◆ ABOUT THIS TASK
Word for word, the data below must be repeated in full; no picture is to be included.

◆ DATA SECTION
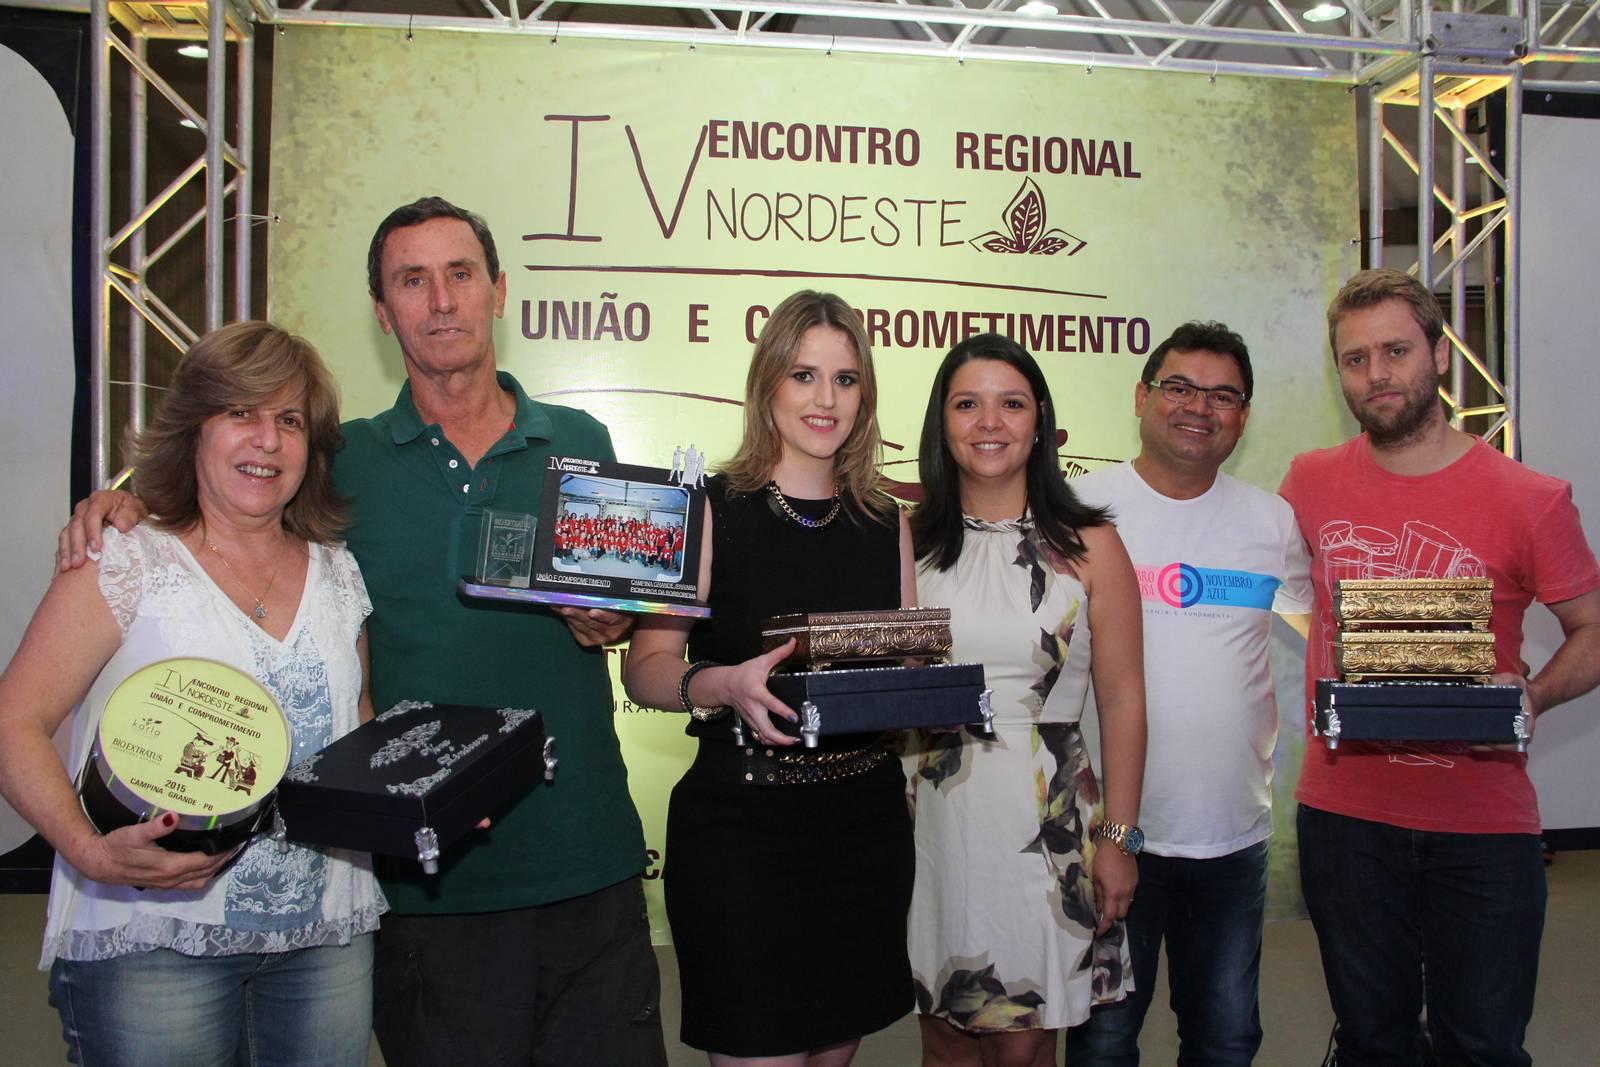 IV Encontro Regional do Nordeste - Bio Extratus (333)
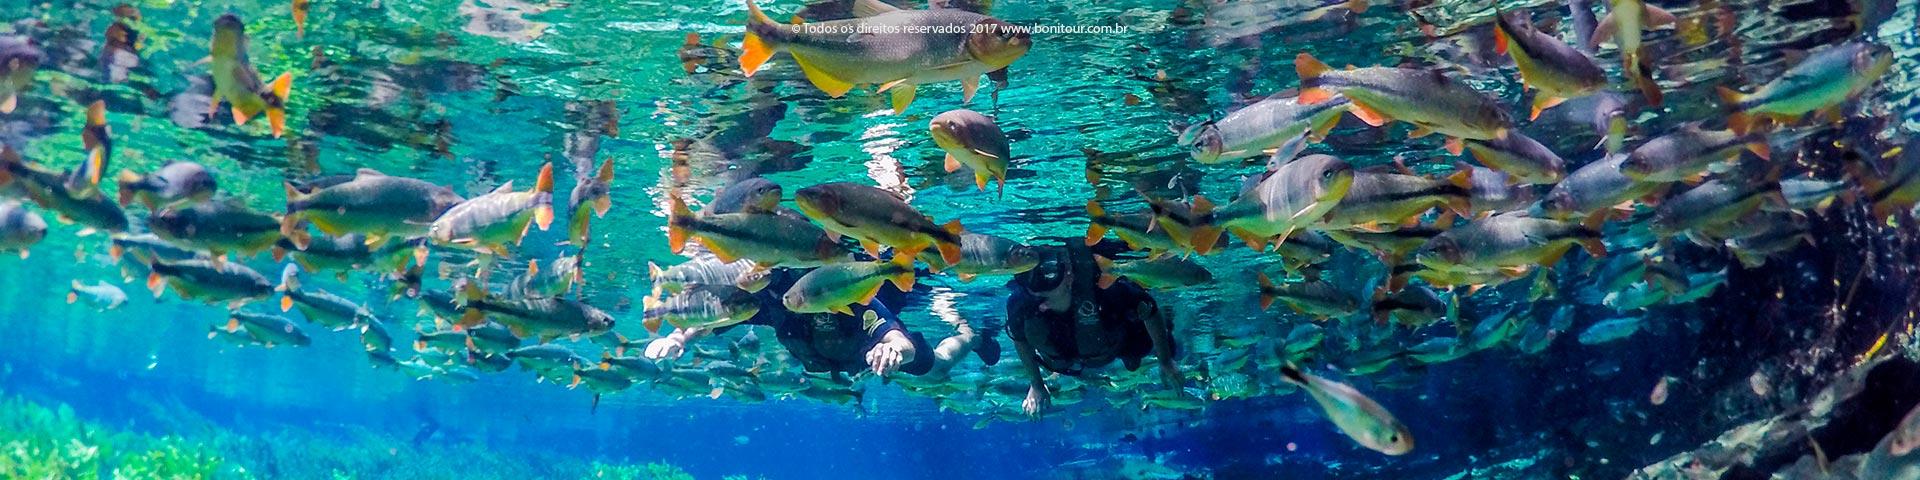 Aquario-natural-flutuacao-Bonitour-Passeios-em-Bonito-MS-956_2330.jpg
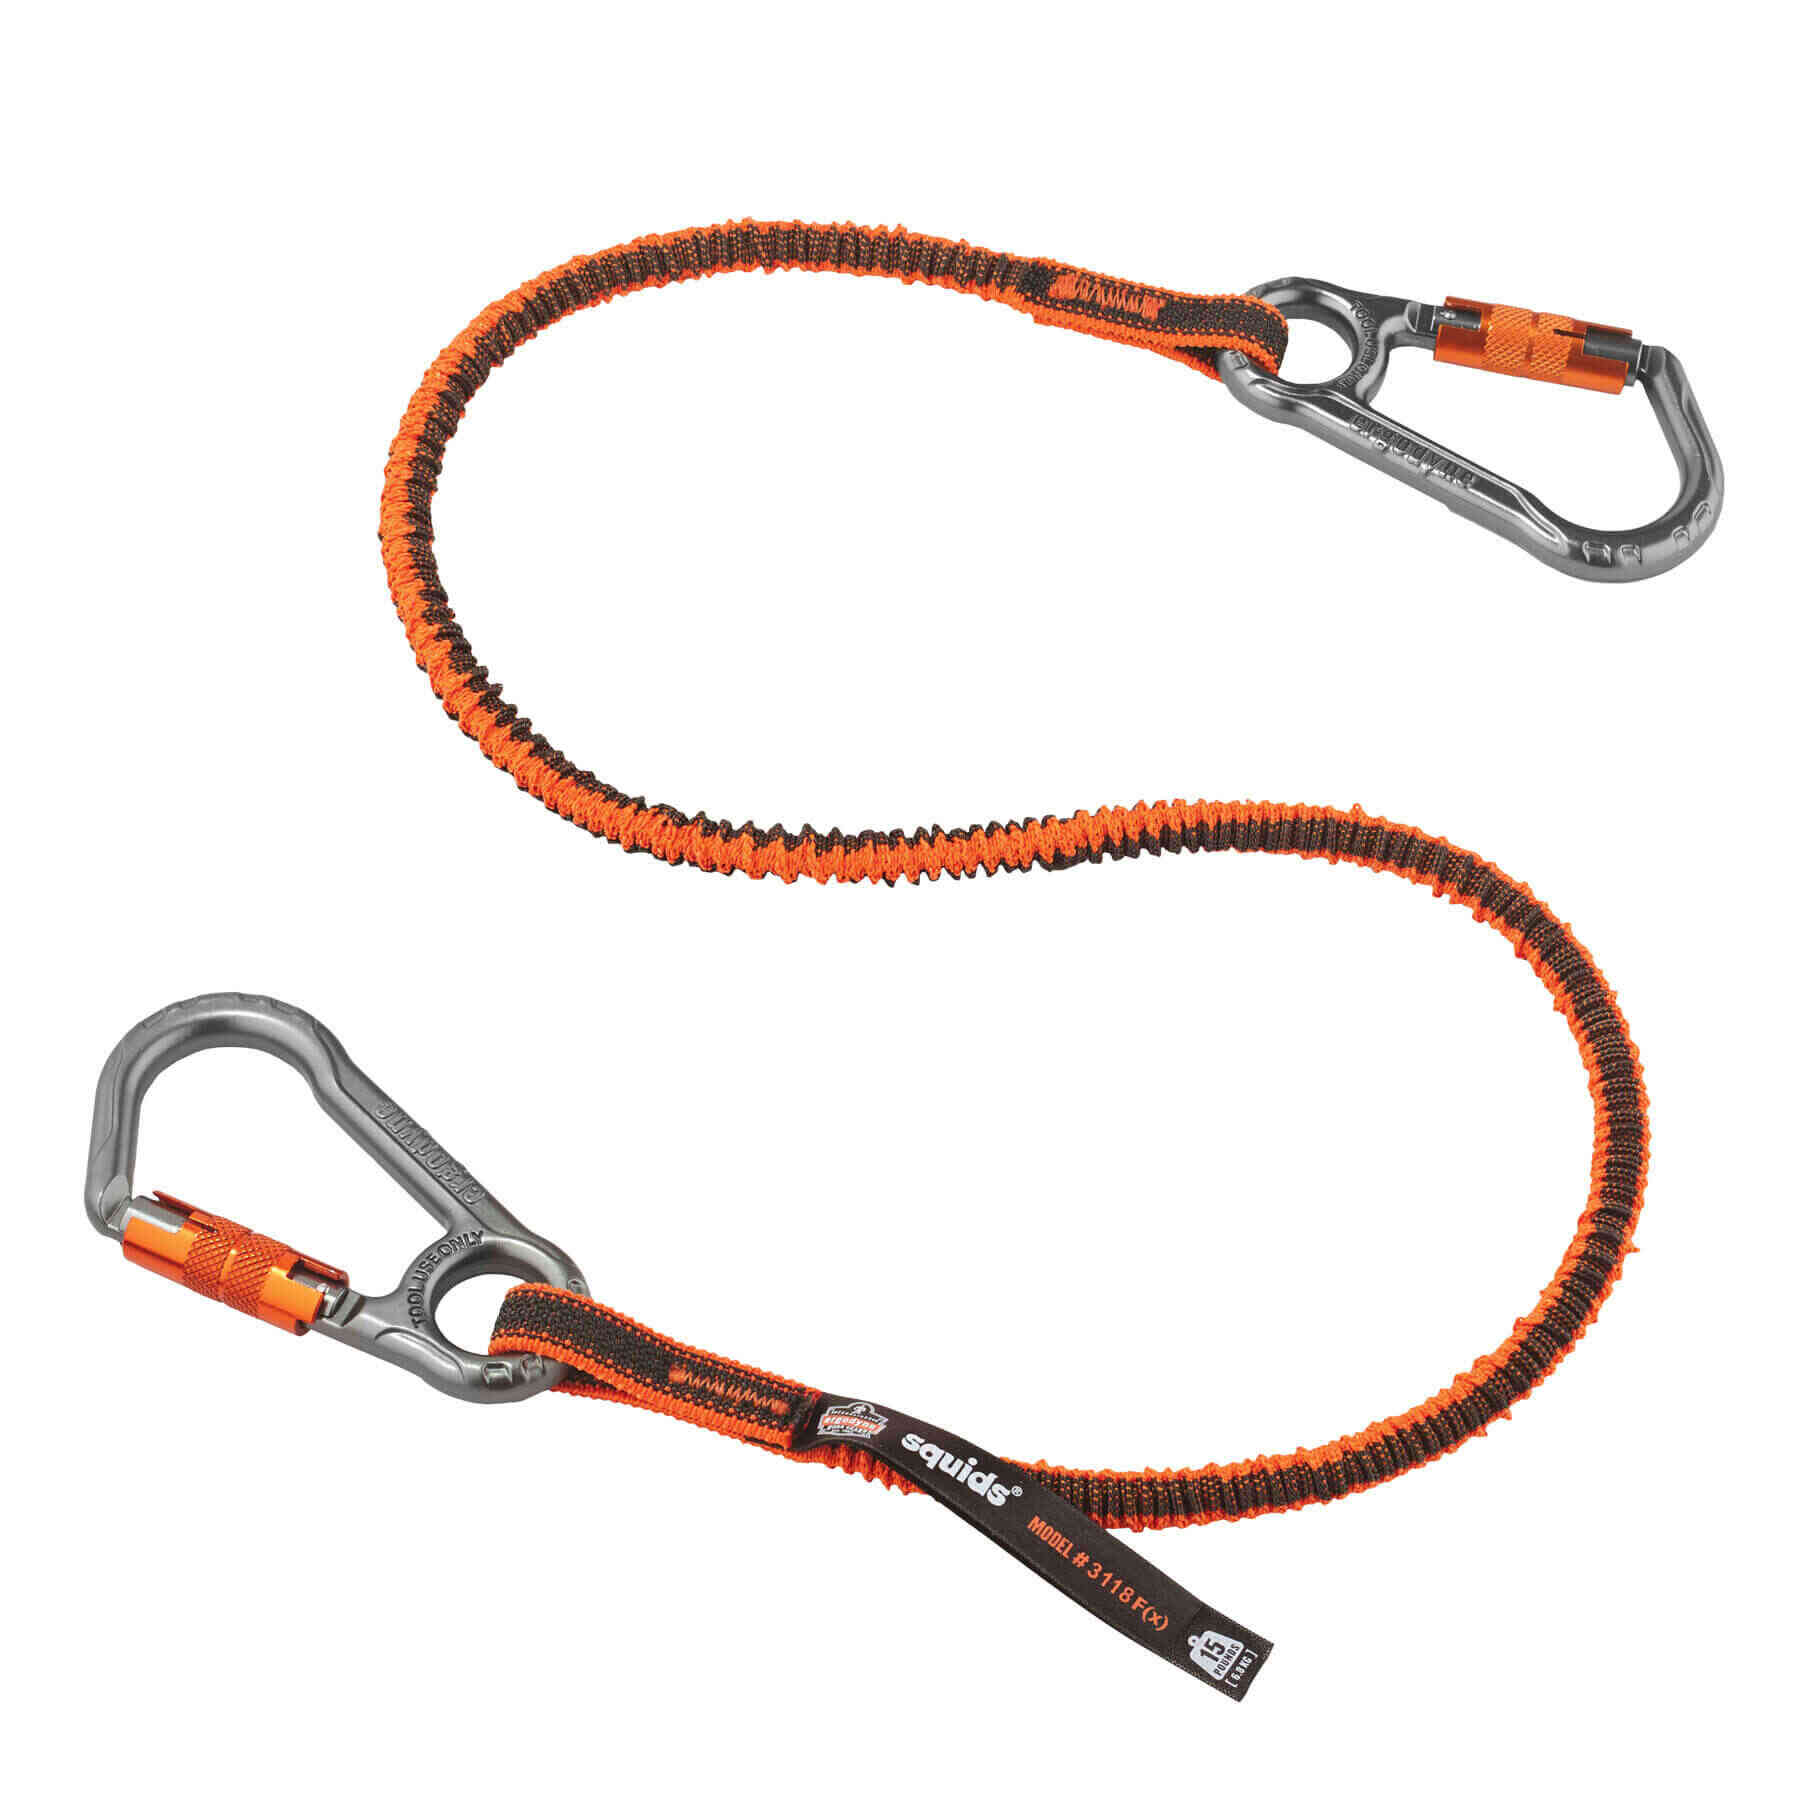 Squids® 3118F(x) Tool Lanyard Dual Locking Carabiner - 15lbs
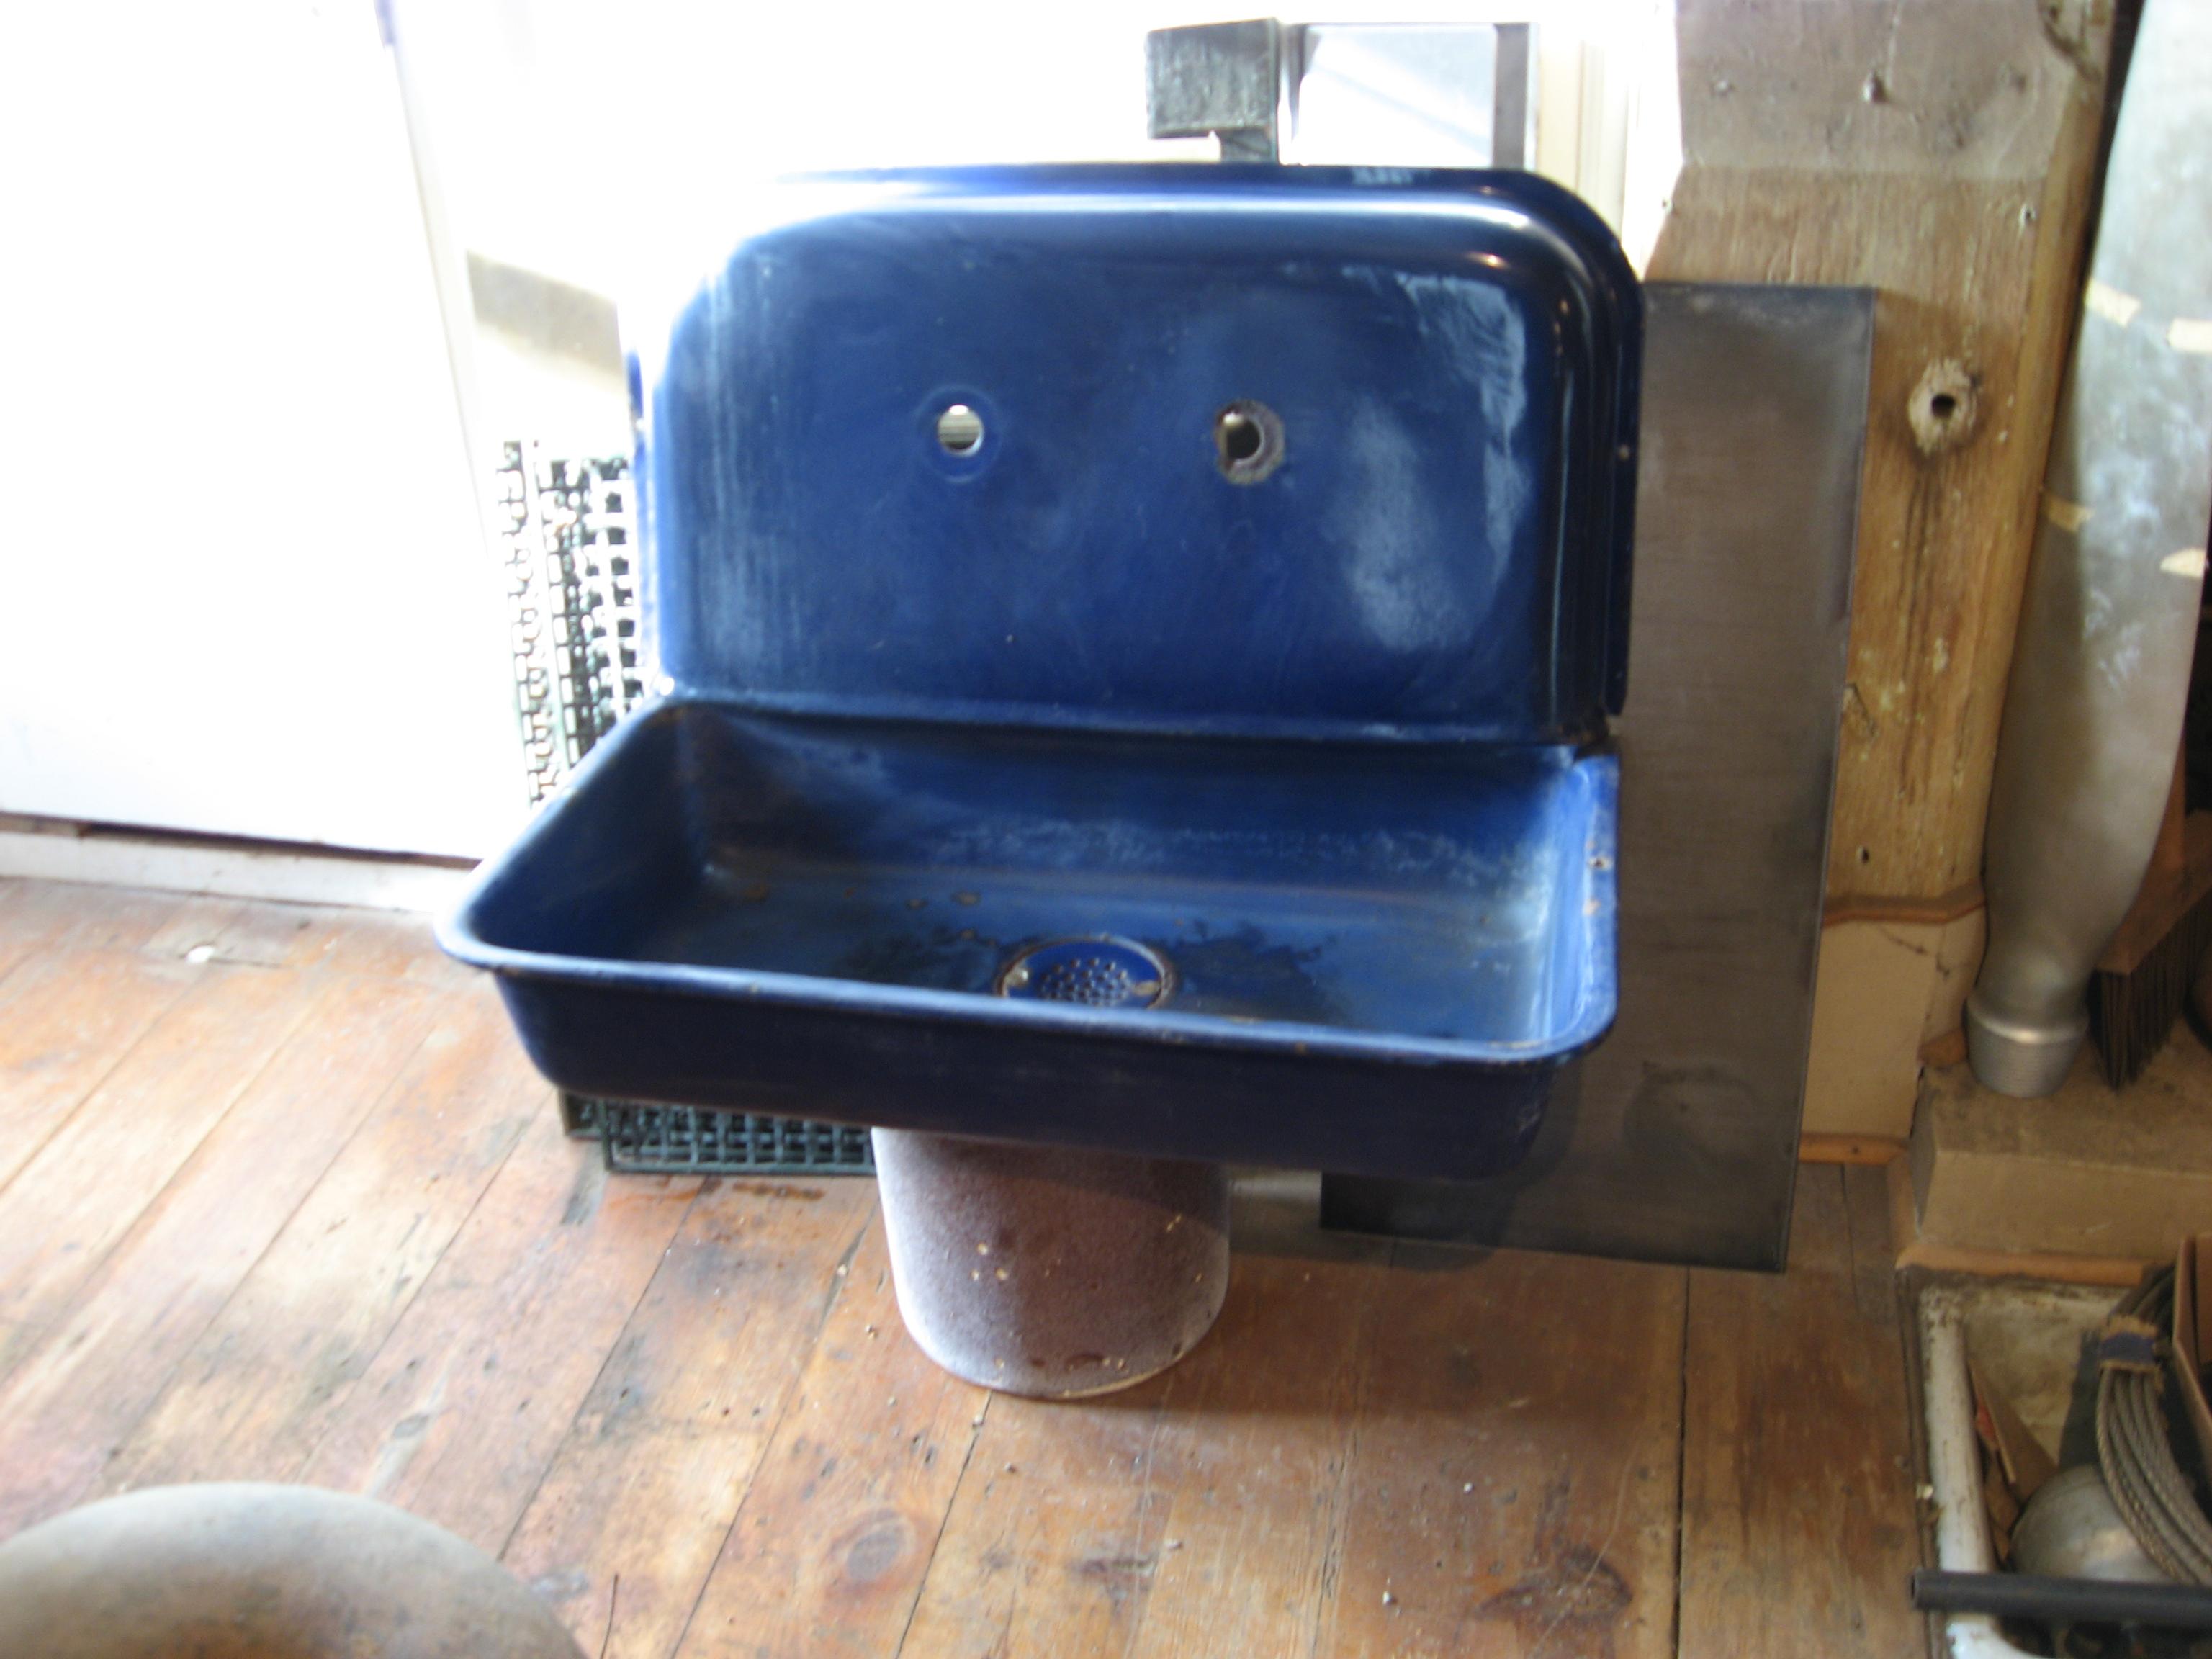 Cobalt Blue Toilet Cobalt Blue Kitchen Sink

◆ RESULT FOR THIS TASK
 IV Encontro Regional do Nordeste - Bio Extratus (333)
 Aquario-natural-flutuacao-Bonitour-Passeios-em-Bonito-MS-956_2330.jpg
 Squids® 3118F(x) Tool Lanyard Dual Locking Carabiner - 15lbs
 Cobalt Blue Toilet Cobalt Blue Kitchen Sink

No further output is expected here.